In today's economy, machinery moves are on the rise. The impact of the recession on manufacturing forces stamping companies to do a number of things to be cost-competitive.

Presses may be moved around a plant for a more efficient layout that matches new or lower production demands or to meet lean manufacturing goals to create more space without a facility expansion.

In addition, many multiplant companies are consolidating facilities—some offshore. The U.S. gross domestic product (GDP) has been projected to decrease in 2009 by 2.7 percent. China and India, on the other hand, are expected to grow 6.5 and 5 percent, respectively.

The success of a machinery move project will be determined by the management of five key stages: planning, dismantling, servicing, transporting, and installing.

Because several unforeseen obstacles may be encountered during the relocation of the equipment, having a single source to coordinate all stages is advantageous. Some approaches save time and money whether you are moving machinery across the production floor or across the globe.


You may not always have a lot of time available for effective planning. An understanding of the planning stage ahead of the move will help make you aware of the money- and time-saving opportunities.

If you are the project manager, you need to know the dimensions of the doors, floors, and ceiling height, as well as the equipment's weight and cube size (the dimensions of the equipment as it will load onto the trucks, including any cribbing, containers, or other packing material) for the physical move (see Figure 1). Some questions you should ask are:

  • Are the doors large enough to allow the assembled press through, or does it have to be disassembled before it exits or enters?
  • Will the floors hold the weight of the equipment being moved and the rigging equipment, or do they require that steel decking be put down to distribute the load?
  • Are there any pits, wiring ways, or other openings in the floor that have to be bridged?
  • Is there enough headroom to get the rigging equipment around the press or to remove components?
  • What are the weights of all the pieces of equipment? Knowing this ensures that the appropriate rigging and transport equipment will be specified.

Knowing the cube size for each piece of equipment or component is very important for scheduling trailers and load counts. Not knowing accurate cube sizes can add thousands of dollars and delays to a relocation.

Other considerations include production requirements of the surrounding equipment, permits, floor layouts, and a plan for hazardous waste material disposal. If the shipping or receiving plant is running production that cannot be halted for the move, the move may need to be scheduled during off shifts or weekends.

It is advantageous to make changes to the equipment when it is apart. Now is the time to consider which upgrades you can make during that time. Information such as electrical diagrams, mechanical drawings with weights and dimensions, and foundation specifications can help preserve the quality and accuracy of the equipment and is useful in the other stages of the move.


Having someone with equipment expertise and knowledge of the manufacturing processes and assembly techniques can speed up the dismantling. It is vital to have a qualified serviceperson on-site during the dismantling to ensure that the press system is dismantled, tagged, and marked correctly for reinstallation.
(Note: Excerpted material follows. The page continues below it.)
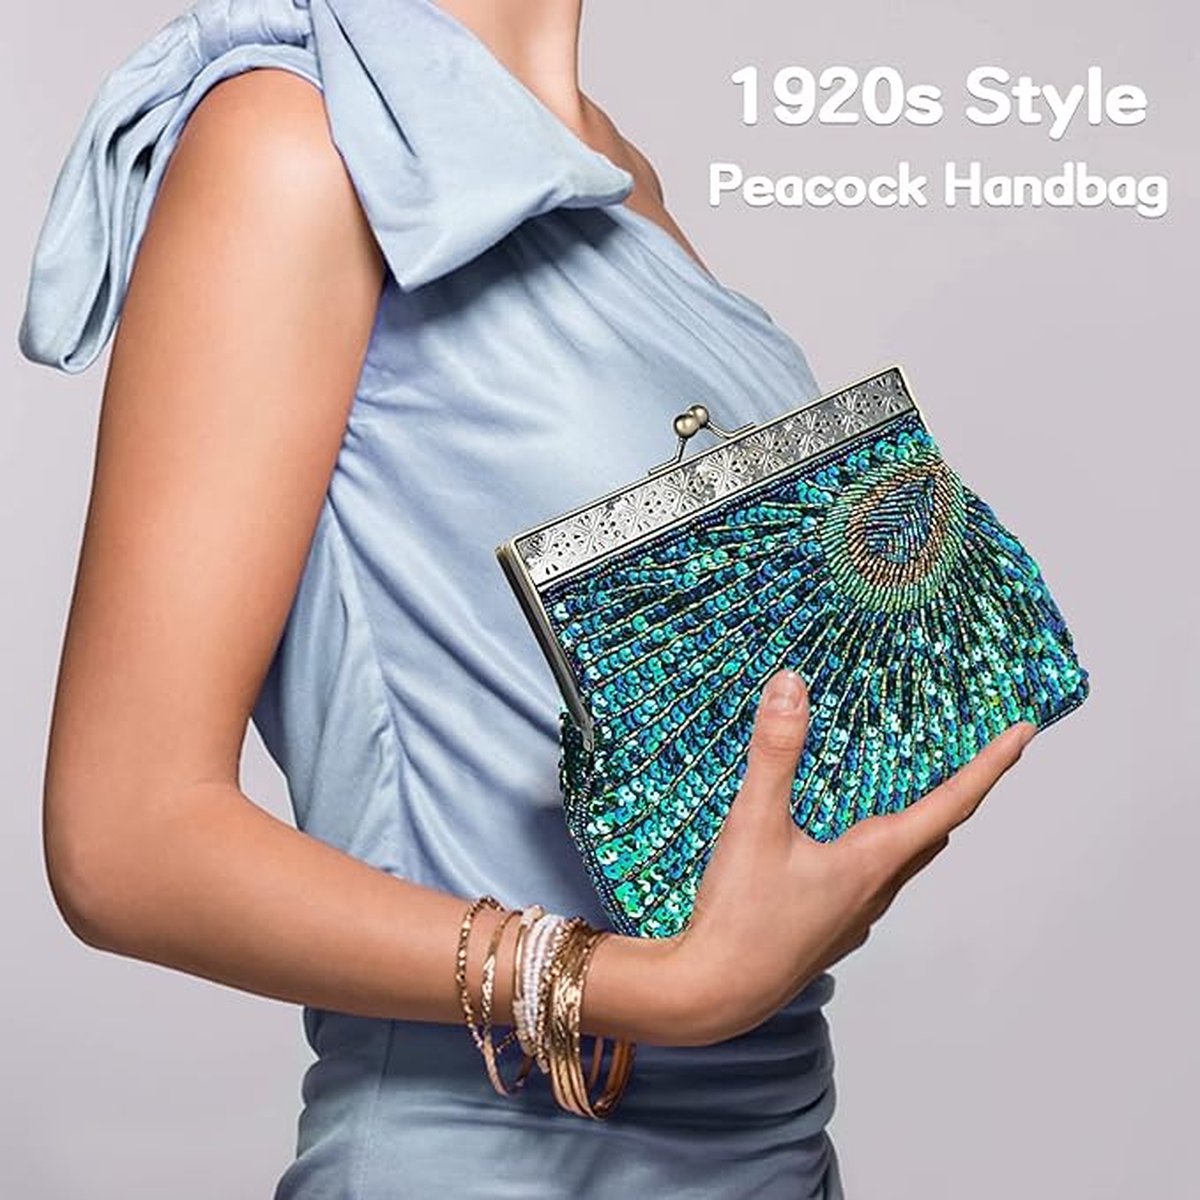 Vintage Pailletten Pauw Clutch Bag, Antieke Kralen Avond Handtas Clutch Bags, Turquoise Eye Catching Purse voor Bruiloft (Blauw)

A general plan for preparing equipment for dismantling is to have the service technician arrive two to three days before the rigging crew to perform an inspection and document all worn or damaged parts (see Figure 2).

Often, to avoid damage, the press must be in a specific operation position for transporting. You must remove or unhook power and air connections. All components that have to be removed by the riggers must be loosened. You should verify that all wires have been labeled and bagged. Mark broken conduit for repair. If these tasks have been completed when the rigger arrives, the equipment can be removed immediately, saving time and money.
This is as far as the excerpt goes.